THE PROBLEM.
Copy each line, word for word, from the one with "Champion черный листовой" through the final line of the listing, but skip the pictures.

EXERCISE DATA.
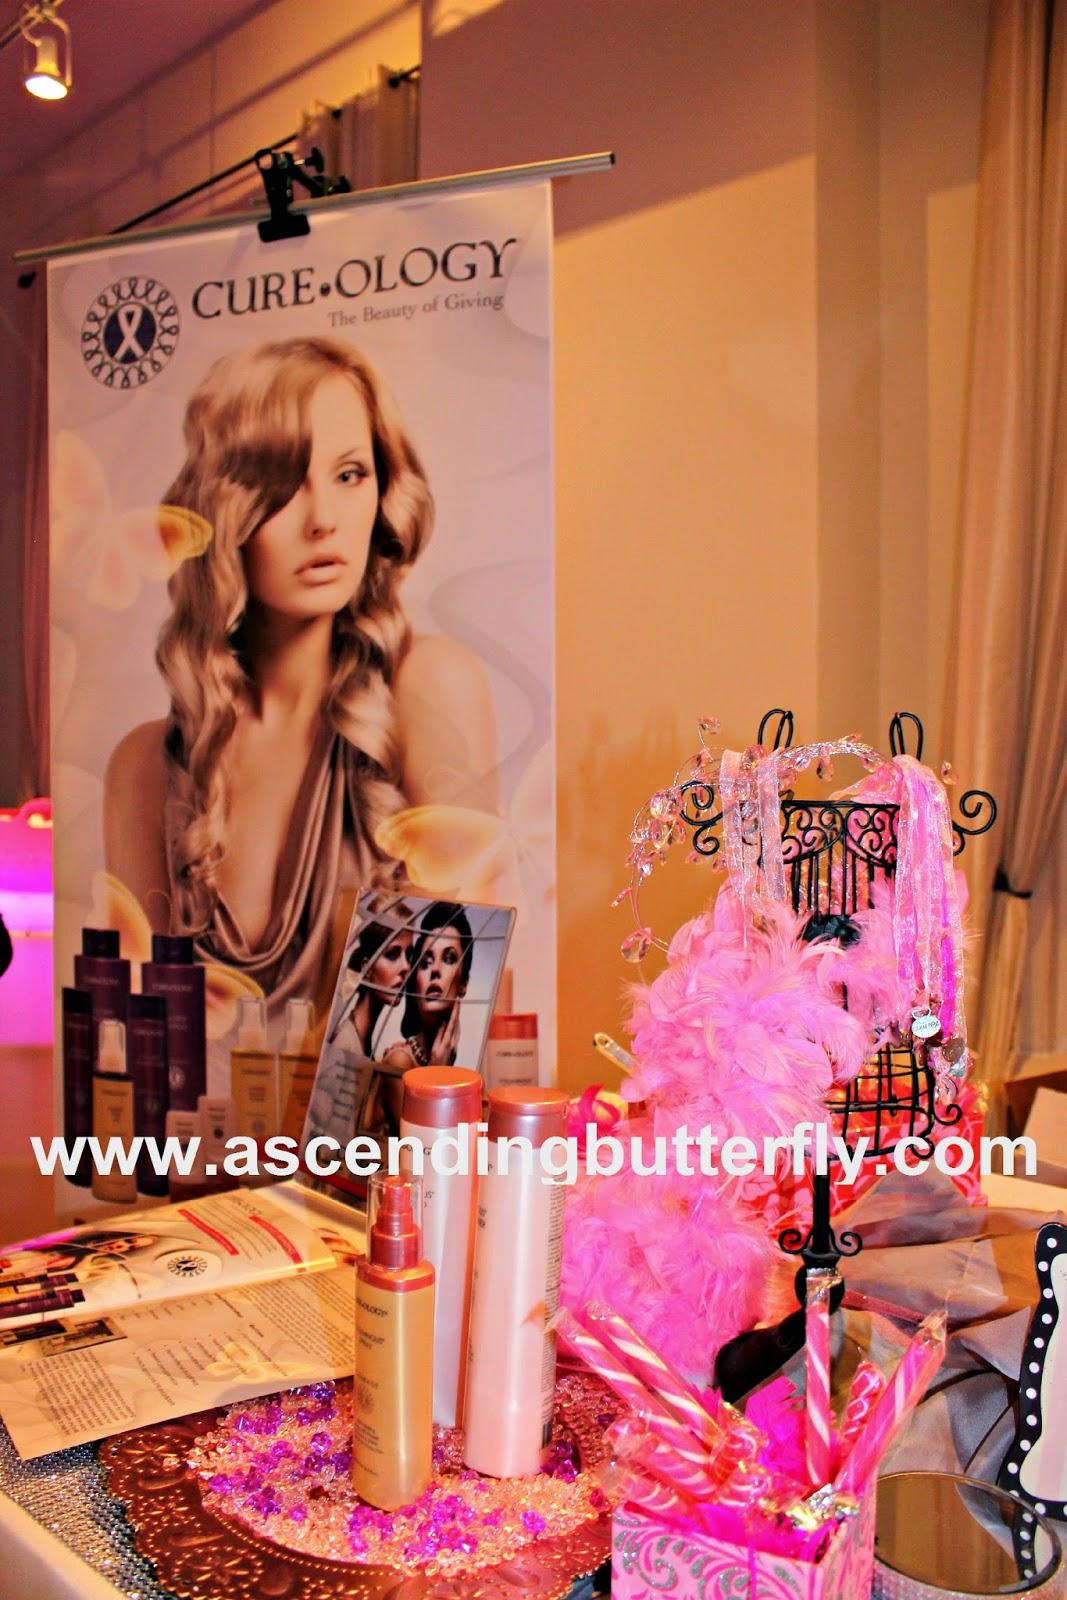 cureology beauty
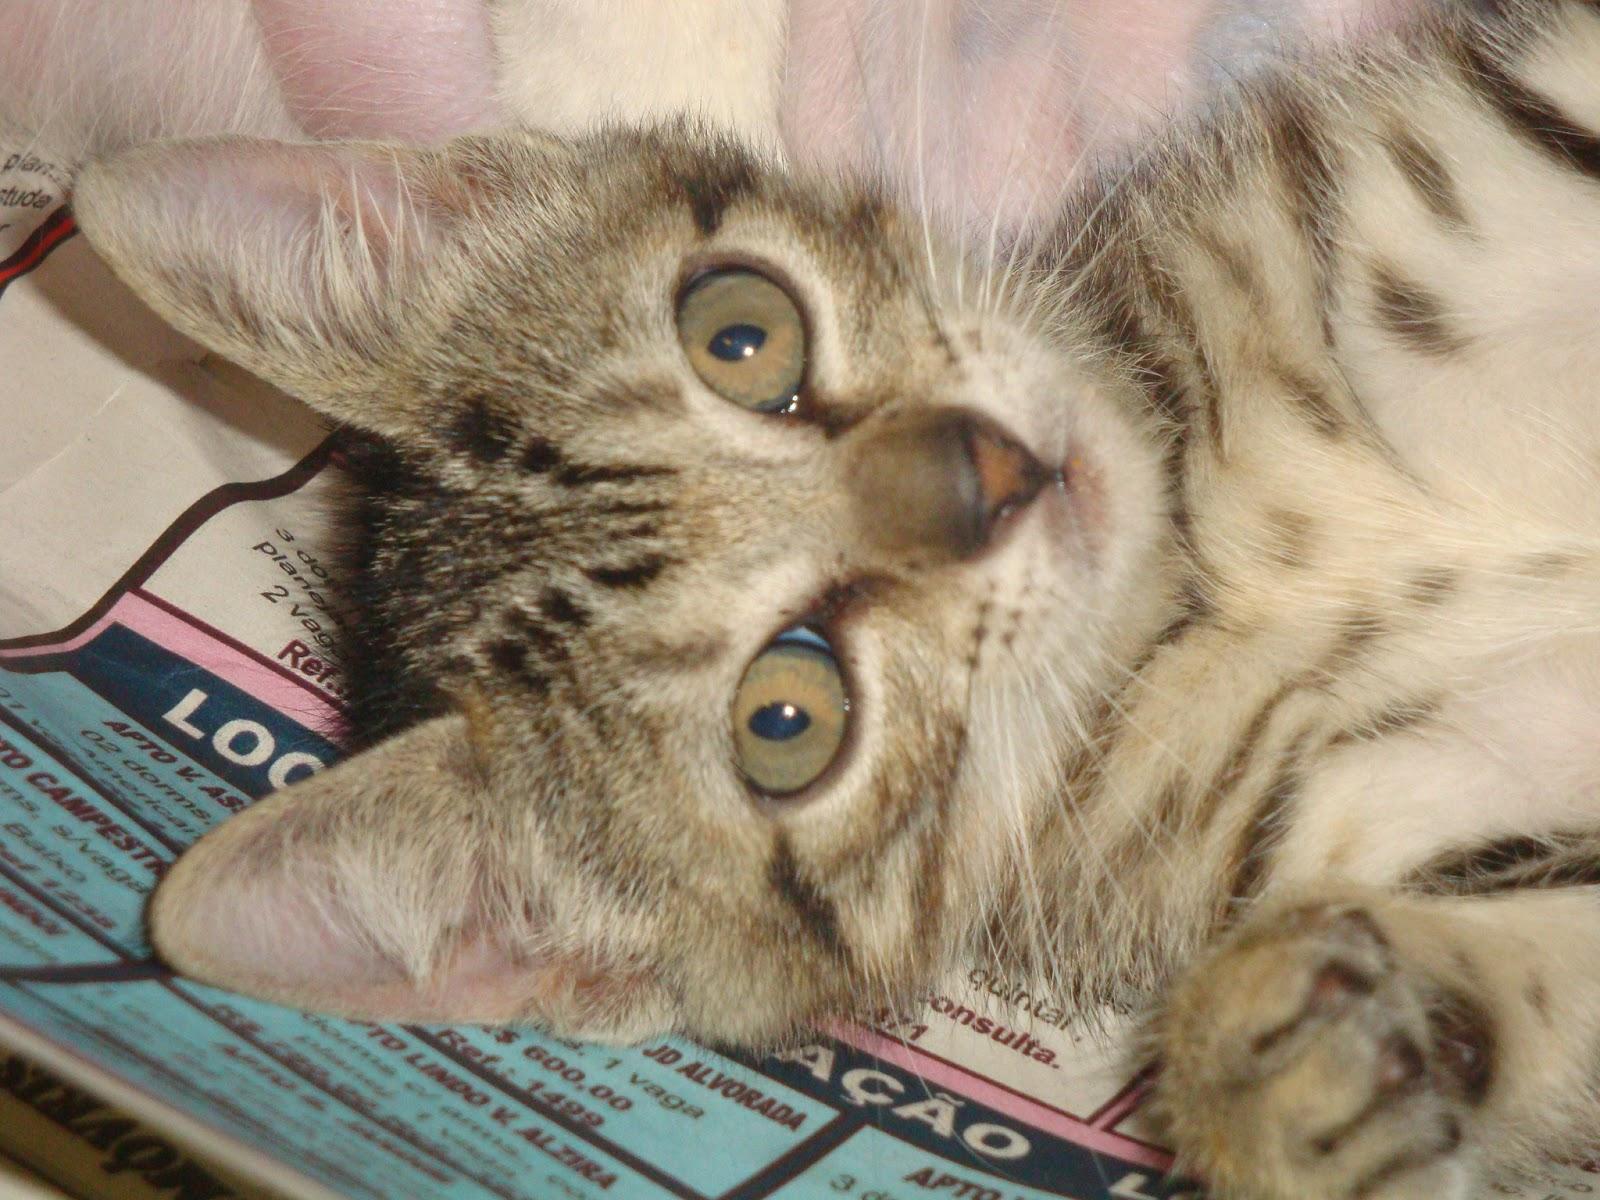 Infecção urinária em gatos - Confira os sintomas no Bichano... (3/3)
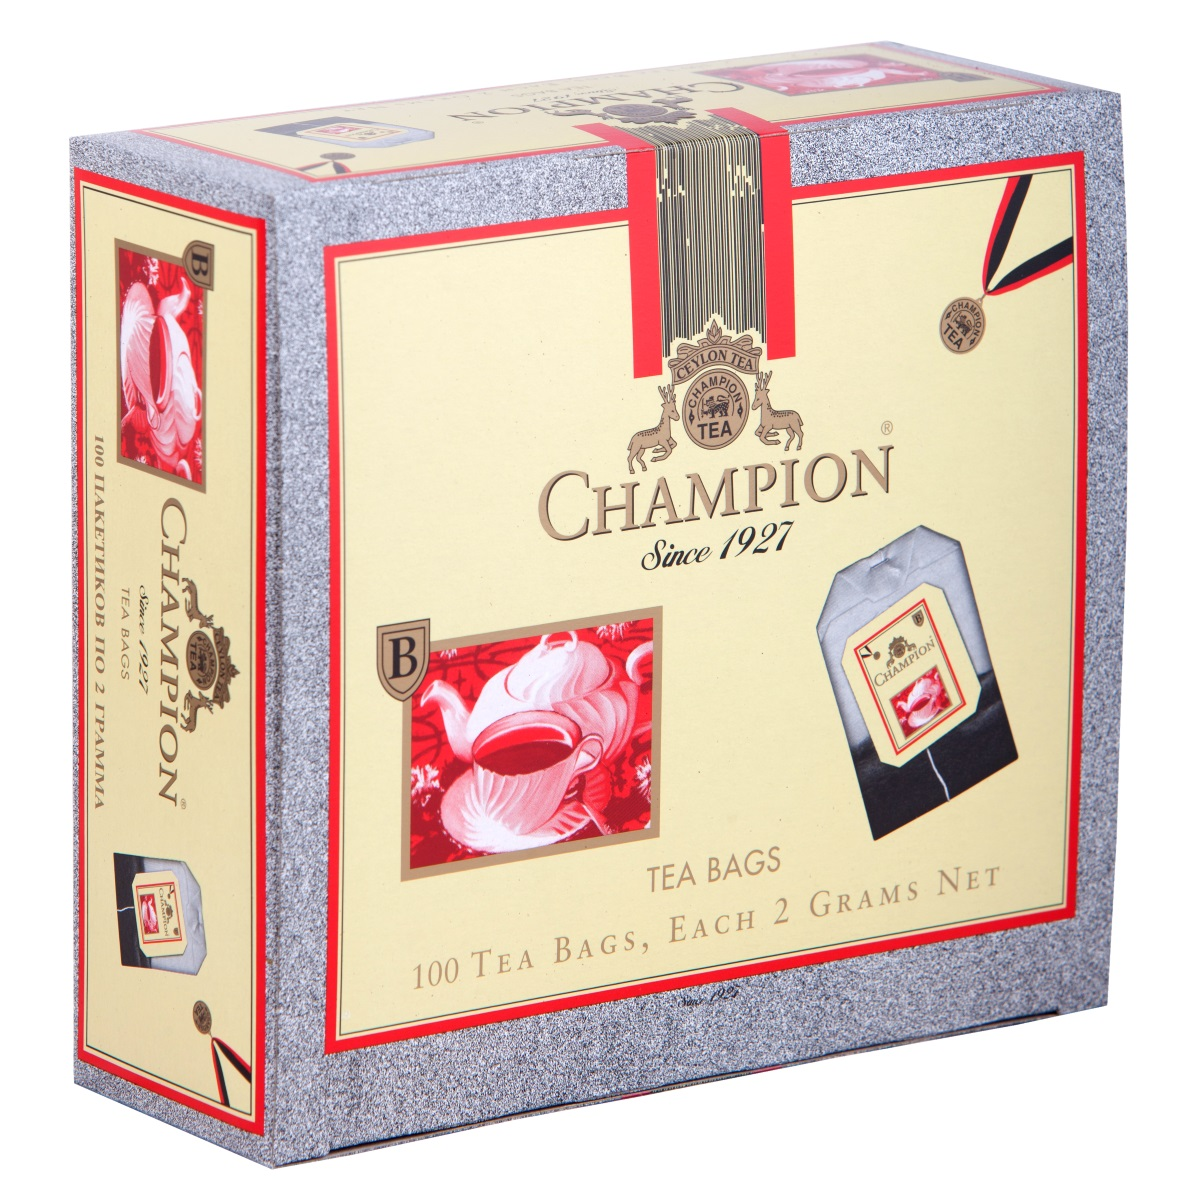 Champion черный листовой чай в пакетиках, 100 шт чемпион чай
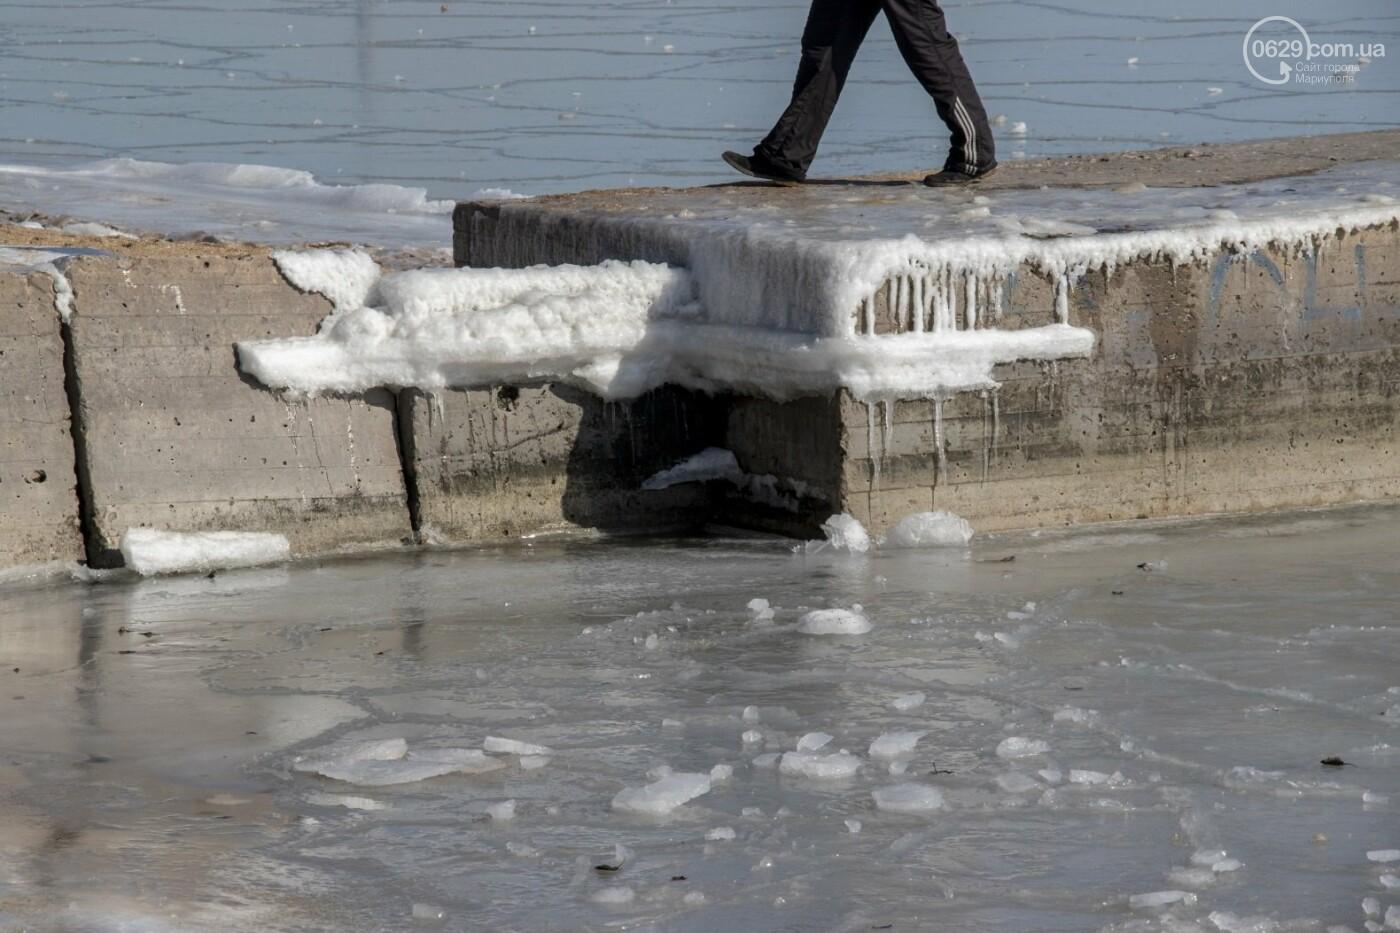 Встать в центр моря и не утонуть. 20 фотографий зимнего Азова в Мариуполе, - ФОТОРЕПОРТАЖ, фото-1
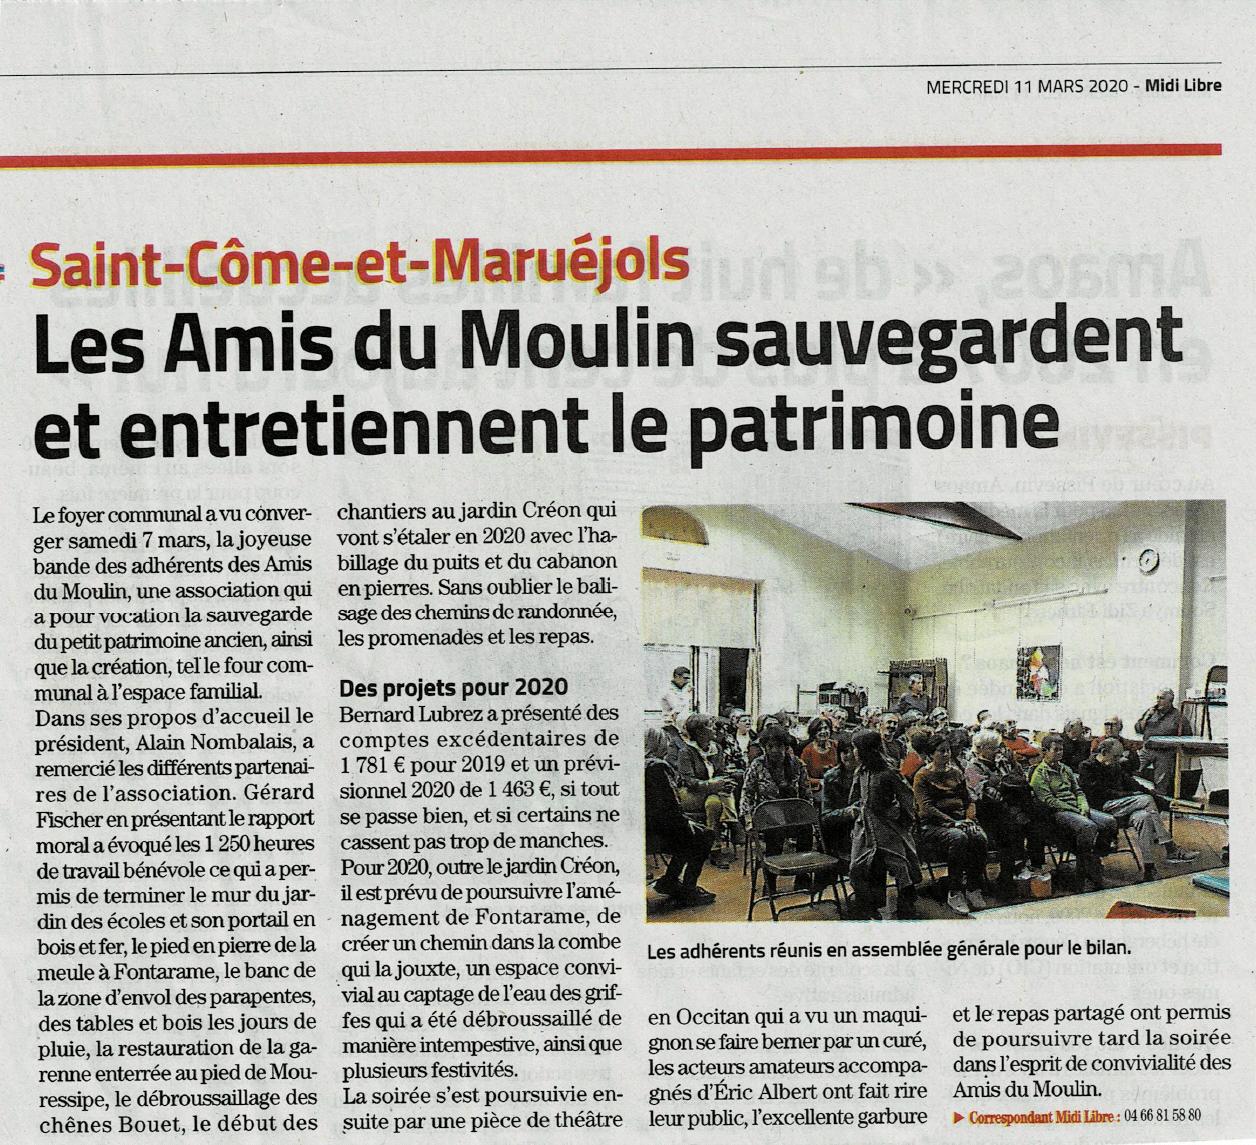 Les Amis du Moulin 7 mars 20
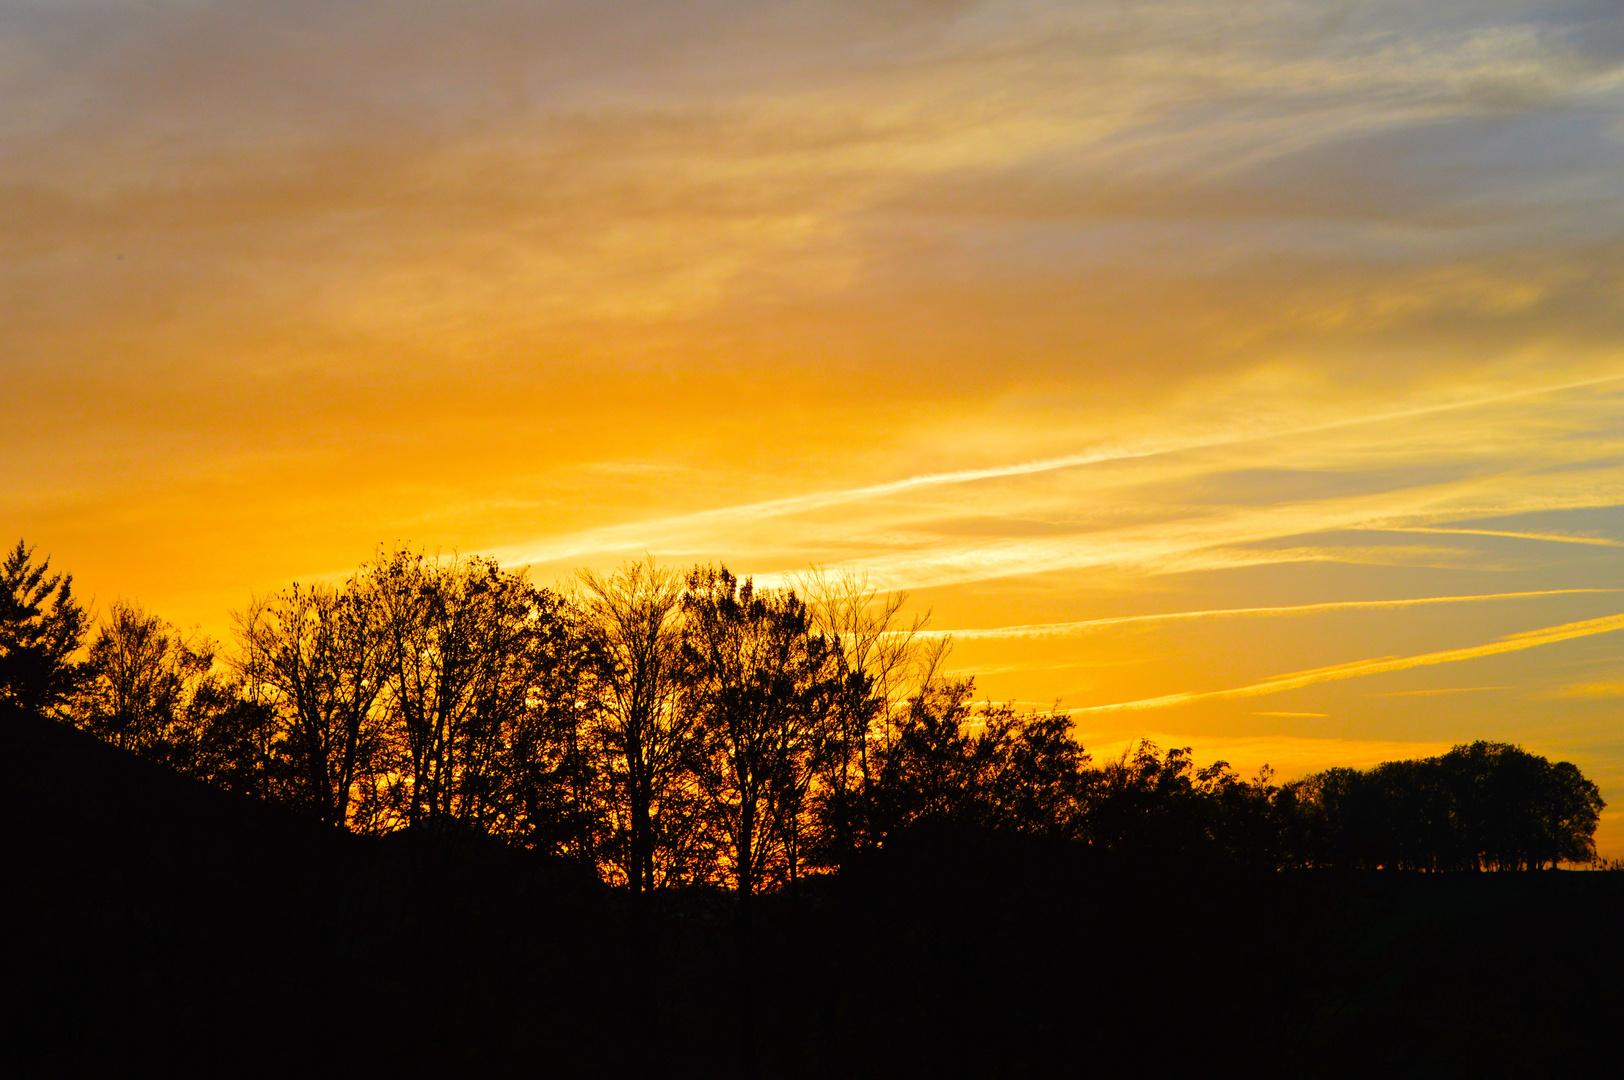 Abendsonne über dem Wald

SOLUTION FOR THIS TASK.
 Champion черный листовой чай в пакетиках, 100 шт чемпион чай
 Встать в центр моря и не утонуть. 20 фотографий зимнего Азова в Мариуполе, - ФОТОРЕПОРТАЖ, фото-1
 Les Amis du Moulin 7 mars 20
 Abendsonne über dem Wald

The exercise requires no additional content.